Gene expression evidence.

Expression of members of the five orphan families in different environmental conditions. Locus tags for the five families are provided.

Gene expression for families I–V was extracted from Christel et al. (2016a,b) and Osorio et al. (2013).

Information regarding protein abundance levels when A. caldus was subjected to growth at pH 1, 2, or 4 was taken from Mangold et al. (2013). Abundance of proteins is expressed as “up in low pH” or “up in high pH” relative to protein levels found at pH 2 (Mangold et al., 2013). Note that the gene accession numbers in Mangold et al. (2013) have been replaced recently by the locus tags provided in this Table.

RNA transcript expression as determined by examination of published metatranscriptomics data (Chen et al., 2015) using the families I–V as probes (see Table 4 for details).

AFE, Acidithiobacillus ferrooxidans; AFV, Acidithiobacillus ferrivorans; ATHIO, Acidithiobacillus thiooxidans; ND, Not detected.

Figure 2 provides an example of the predicted protein properties deduced with bioinformatics tools and comparative genomic analysis for members of family II. Additional information for all five families I–V can be found in Supplemental Files 1, 2. In silico predictions demonstrate the power of integrative genomics approaches to gain insights into gene function. A significant prediction was made for an integral membrane segment with a moderate conservation profile within the family II. From the non-membrane associated portion of the protein, profile sequences were generated that have similarity to a pattern present in periplasmic binding proteins (Dwyer and Hellinga, 2004) and also solute carrier organic anion transporter family member 4A1 (Pizzagalli et al., 2003).

Figure 2

Comparative genome organization data demonstrated that there is conservation of gene neighborhood profiles that include genes predicted for cell division, surface proteins and ABC transport systems (Figure 2 and Supplemental File 3).

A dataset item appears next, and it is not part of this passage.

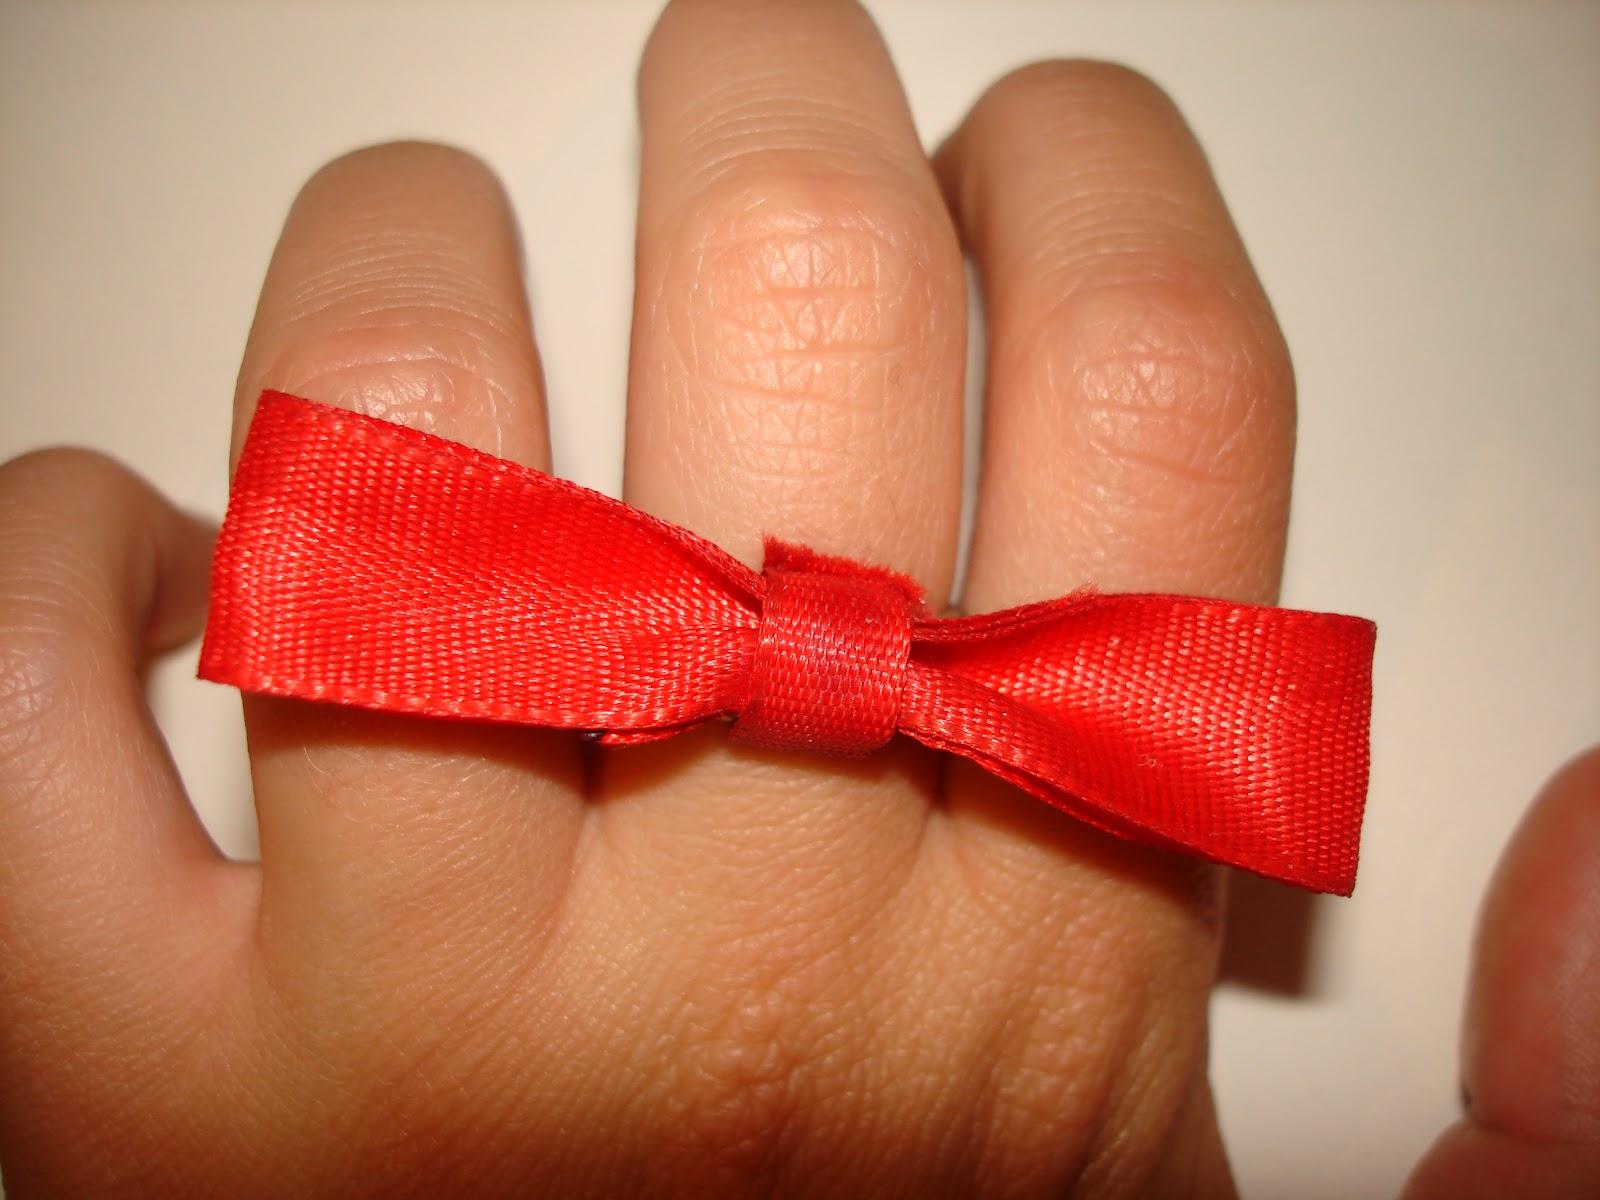 kipattant egy piros foltot a kezemen)

Table 2 shows a detailed overview of the predicted properties based on amino acid sequences for families I–V.

Gene expression of families I–V

Information regarding the expression of the genes encoding the five families was extracted from the literature and is presented in Table 3. RNA transcript analysis indicates that all five family genes are expressed in A. ferrivorans SS3 in two different conditions: continuous culture at 20°C (Christel et al., 2016a) and at 8°C (Christel et al., 2016b), adjusted to pH 2.5 with sulfuric acid plus trace elements. A proteomic study of A. ferrooxidans ATCC 23270 on elemental sulfur as electron donor under aerobic and anaerobic conditions (Osorio et al., 2013) showed that family III was expressed in this strain. A proteomic study of A. caldus ATCC 51756 using cells grown at pH 2.5 (optimum growth pH) vs. pH 1 and 4, demonstrated up-regulation of core families I, III, and IV when cells were shifted from pH 2.5 to 1 and that family V was upregulated when cells were shifted from pH 2.5 to 4 (Table 3; Mangold et al., 2013). These data show that the genes for the five families (i) are expressed and thus are unlikely to be mis-annotated open reading frames with no coding capacity and (ii) provide evidence that families I, III, IV, and V could be involved in responses to acid stress at least in A. caldus. It remains to be determined if changes in RNA levels are associated with these genes in the other Acidithiobacilli.

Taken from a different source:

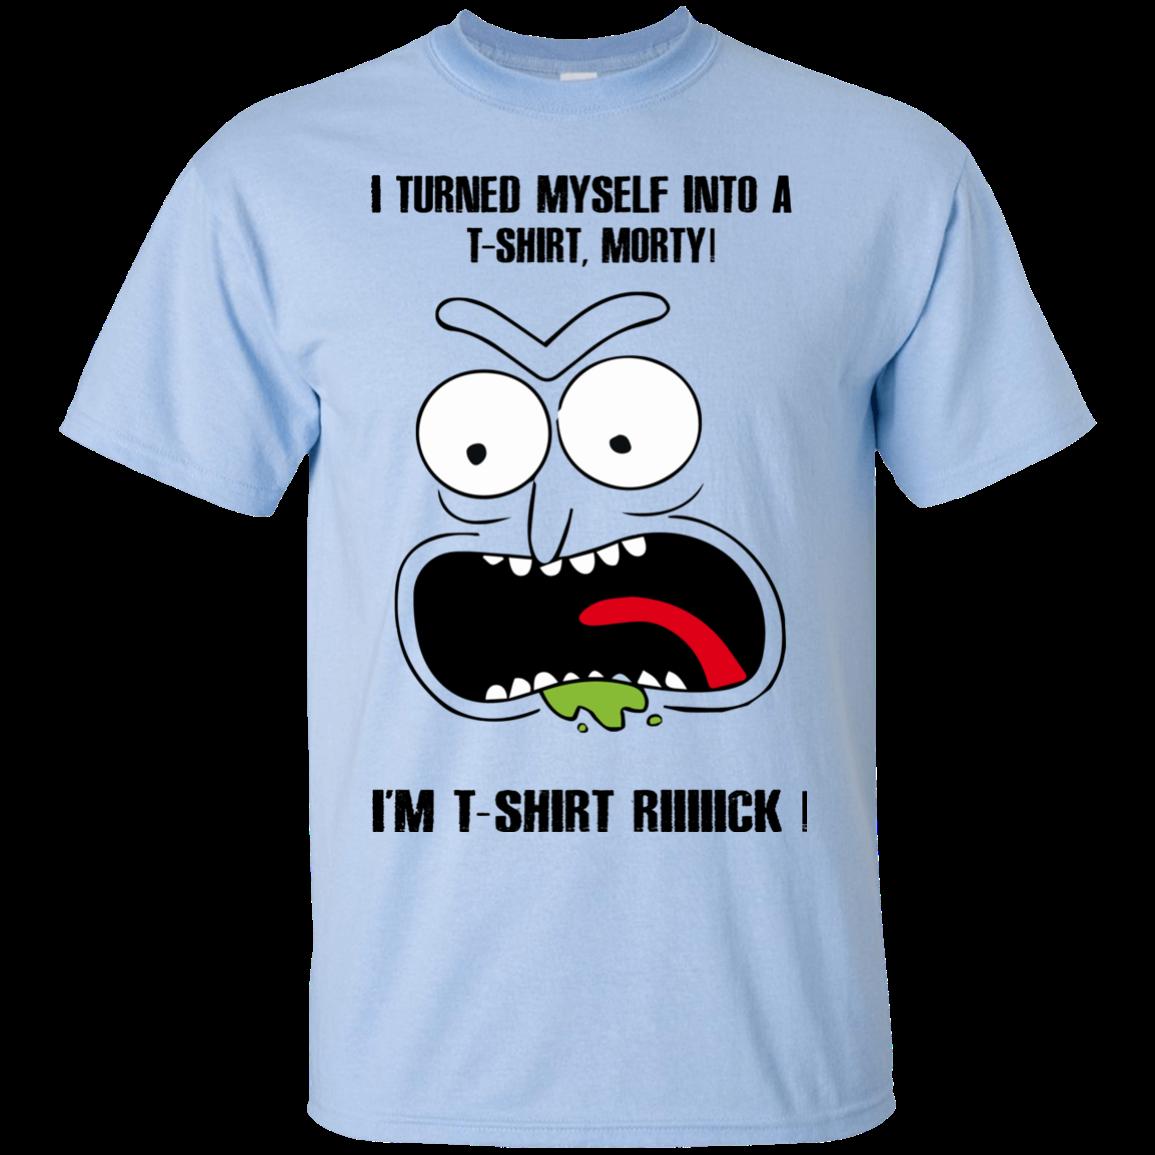 Schwifty Things TV Show Wubba Lubba Dub Gift Short Sleeve T-Shirt Tees Tshirts

In addition, RNA transcripts in metatranscriptomes of the Dabaoshan and Yunfu Pond mines in China (Chen et al., 2015) were detected that exhibited sequences similar to families I–V (Table 3, right hand side) from A. ferrooxidans, A. ferrivorans, and A. thiooxidans, although no strain specificity could be determined. This supports the idea that the five families are bona fide genes.

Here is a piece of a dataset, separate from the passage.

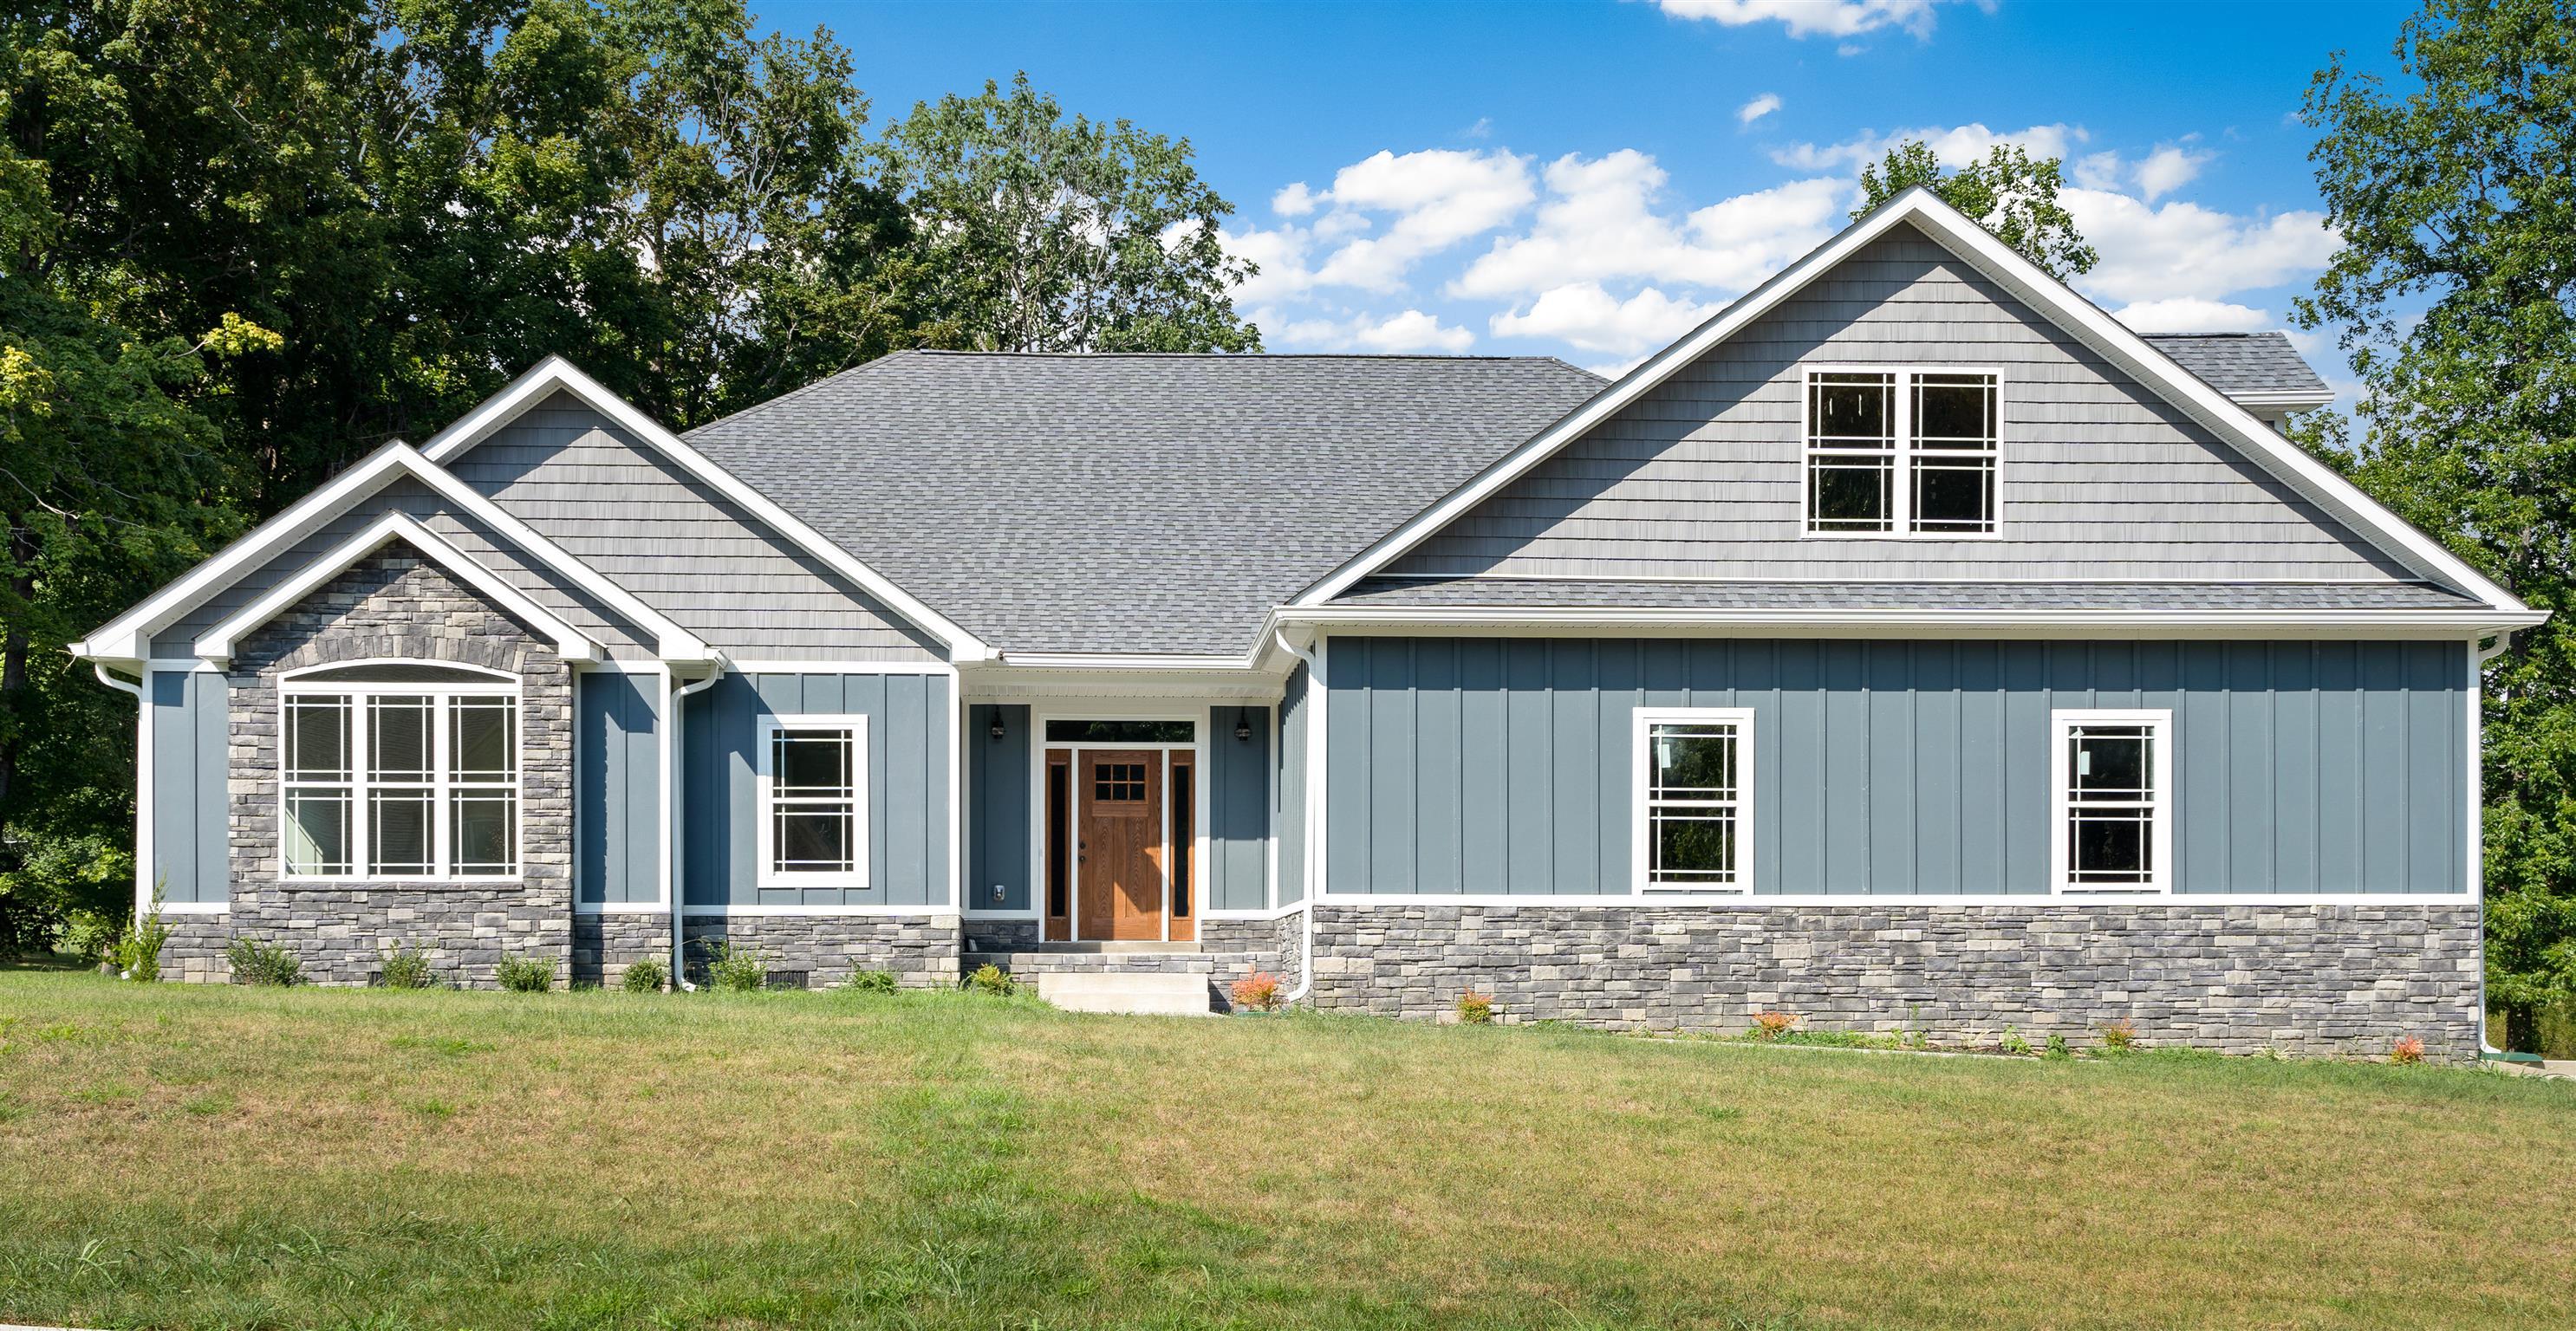 213 Markie Drive, Clarksville, TN 37043 - Clarksville, TN real estate listing

Insights into protein functions

In order to make a comprehensive summary of the potential gene function inferred from all the evidence presented, a schematic summary is presented in Figure 3. Families I, II, and V, have predicted transmembrane segments that, in conjunction with protein sorting signal identification, provide preliminary information about their cellular location. Profile and consensus sequences comparisons against public databases only provided information about family II. Family II sequences have motifs similar to those of periplasmic binding proteins, usually associated with ABC transport for the substrate specific incorporation of nutrients and scarce molecules or beneficial solutes under extreme environmental conditions (Cuneo et al., 2008). We suggest that members of family II could be distant relatives of periplasmic binding proteins whose specific substrate(s) and functional role remains to be investigated.

Figure 3

Families III and IV have predicted protein localizations associated with inner membrane and periplasmic spaces and their strong lipoprotein signatures, in addition to genomic context information, provide clues for their potential role in key physiological processes, such as lipid metabolism. We hypothesize a potential connection between membrane associated lipoproteins, lipid metabolism and membrane stability as a requirement for low pH lifestyle (Baker-Austin and Dopson, 2007; Liljeqvist et al., 2015).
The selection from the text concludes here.